First, it is recommended to make a list of all your outstanding debts. Include everything – credit cards, payday loans, car loans, mortgage. Be sure to write down the interest rate of each loan, the maturity date payment due date, as well as the total amount you should be paying in return. Then review them and separate the unsecured ones. Typically, they would be the credit cards debts, payday loans and any other small consumer loans. Mortgage is a secured payment. Calculate what you must pay for a month for these debts and deduct it from your net income. If the sum is too overwhelming for your pocket, perhaps debt consolidation would work for you.
You may decide to leave the affordable payments out of the picture and that would be fine. The most expensive and unsecured ones are the first ones you should look to consolidate. If your credit score allows you to, you may apply with a bank for a loan to cover all your debts. As payday loans are known to have higher interest rates, they would be a good starting point.
Explore your options
Once you decide to pursue debt consolidation, you should explore as many options as possible. Banks and financial organization may differ in their offers but your prime target should be to find the best interest rate to pay for that single installment. Another thing to be cautious about is the term of that new loan. A longer term of repayment means smaller amounts to pay on a monthly basis but in the long run, you would be paying a lot more to repay that debt.
What you should keep in mind
Debt consolidation is not a miraculous option to erase or decrease your debts. It is a financial instrument to help you better manage your credit and put your finances back in order. If you have too many payday loans and credit cards that may be a bit harder than expected. It is usually a signal to the lender you are not very reliable debtor and you may not be able to cope with your new payment. So, if you are already stretching your income and barely making the minimum payments on time, this new loan you are applying for should be tailored in a way to provide you relief rather than become an unaffordable burden.
Costs and procedure
Consolidation loans may be costly too.
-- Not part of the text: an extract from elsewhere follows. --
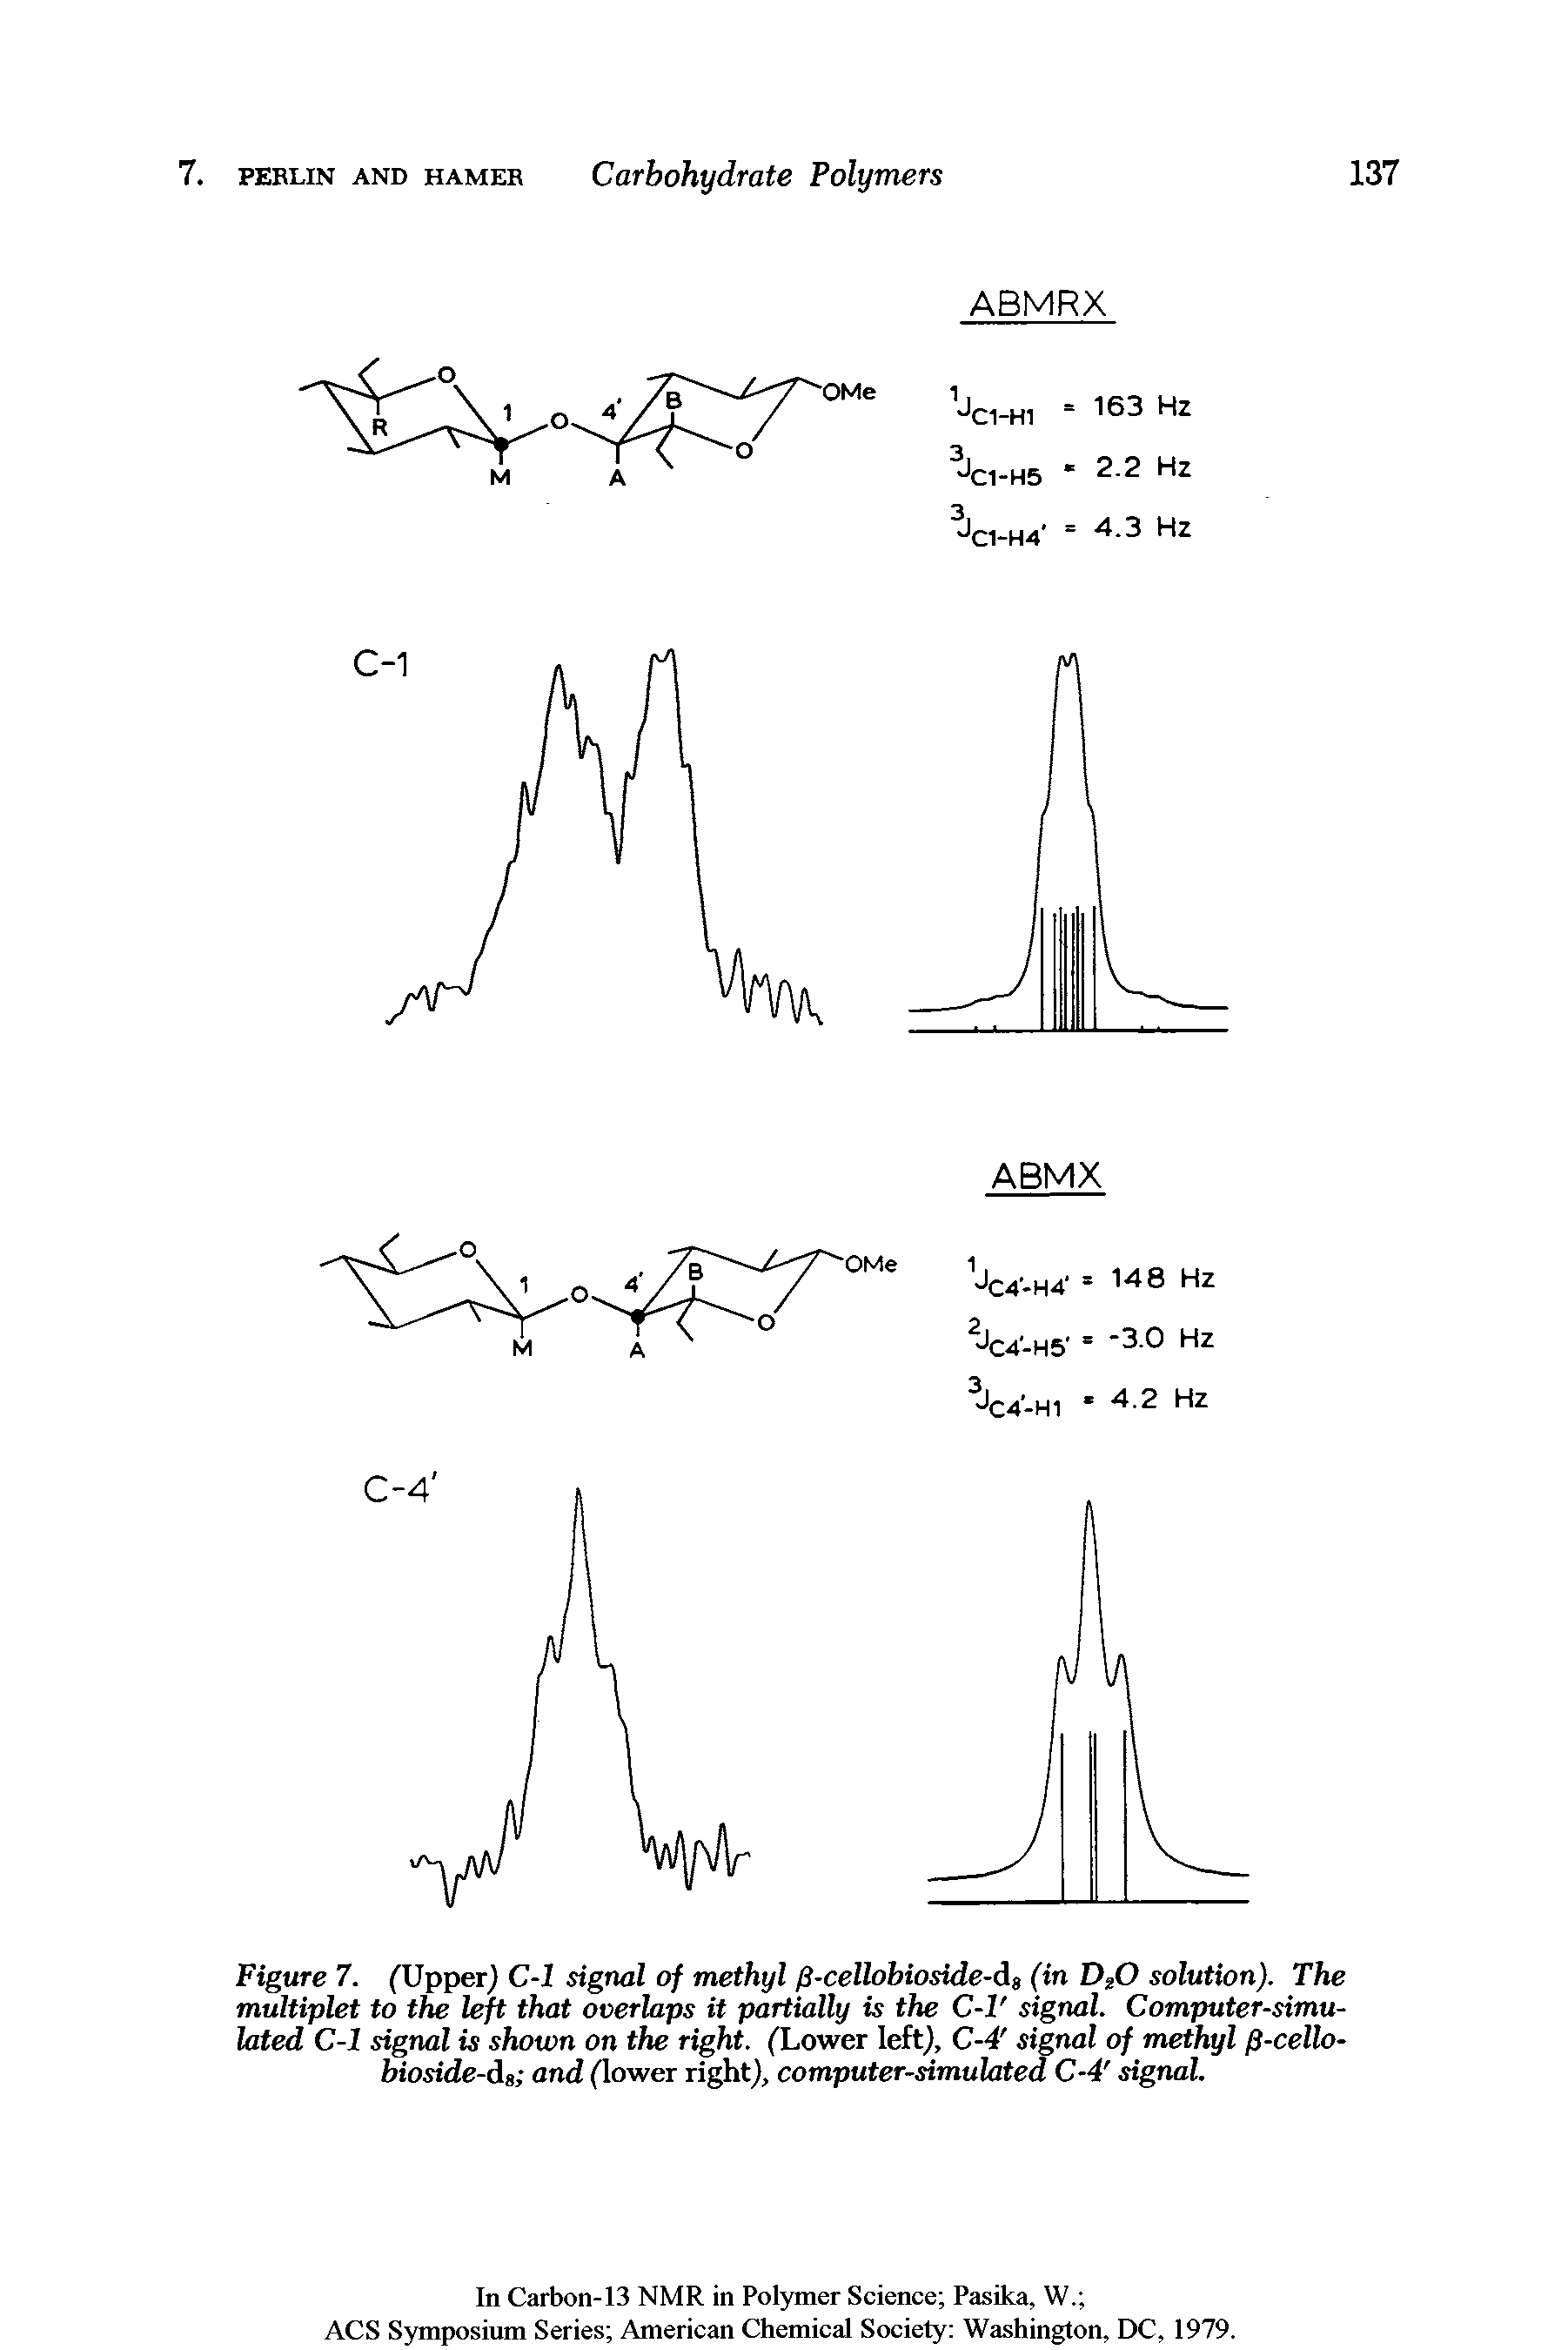 Figure 7. (Upper) C-1 signal of methyl fi-cellobioside-da (in DgO solution). The multiplet to the left that overlaps it partially is the C-1 signal. Computer-simulated C-1 signal is shown on the right. (Lower left), C-4 signal of methyl p-cello-bioside-ds and (lower right), computer-simulated C-4 signal.

You should be informed of how much you should spare to afford that new loan, what are the applicable fees of your new lender, are there any benefits for early repayment, are there other options in cases of emergency.
The documents you should prepare are the typical ones for all kinds of loans. Only this time you may be required to provide your own information for your credit cards bills, payday loan agreements and payment plans and others at the discretion of your potential new creditor. The information will be verified and your credit score will be checked.
Debt consolidation purpose
Remember that when undertaking steps to obtain a consolidation loan, your goal is to reduce your monthly (or periodical) payments, get less expensive interest rate and to be able to repay the debt consolidation in the foreseeable future without ending up broke. Debt consolidation may be the wise thing to do to help yourself but it has the potential to evolve into a bad situation. A financial consultant may assist you and properly plan for debt consolidation.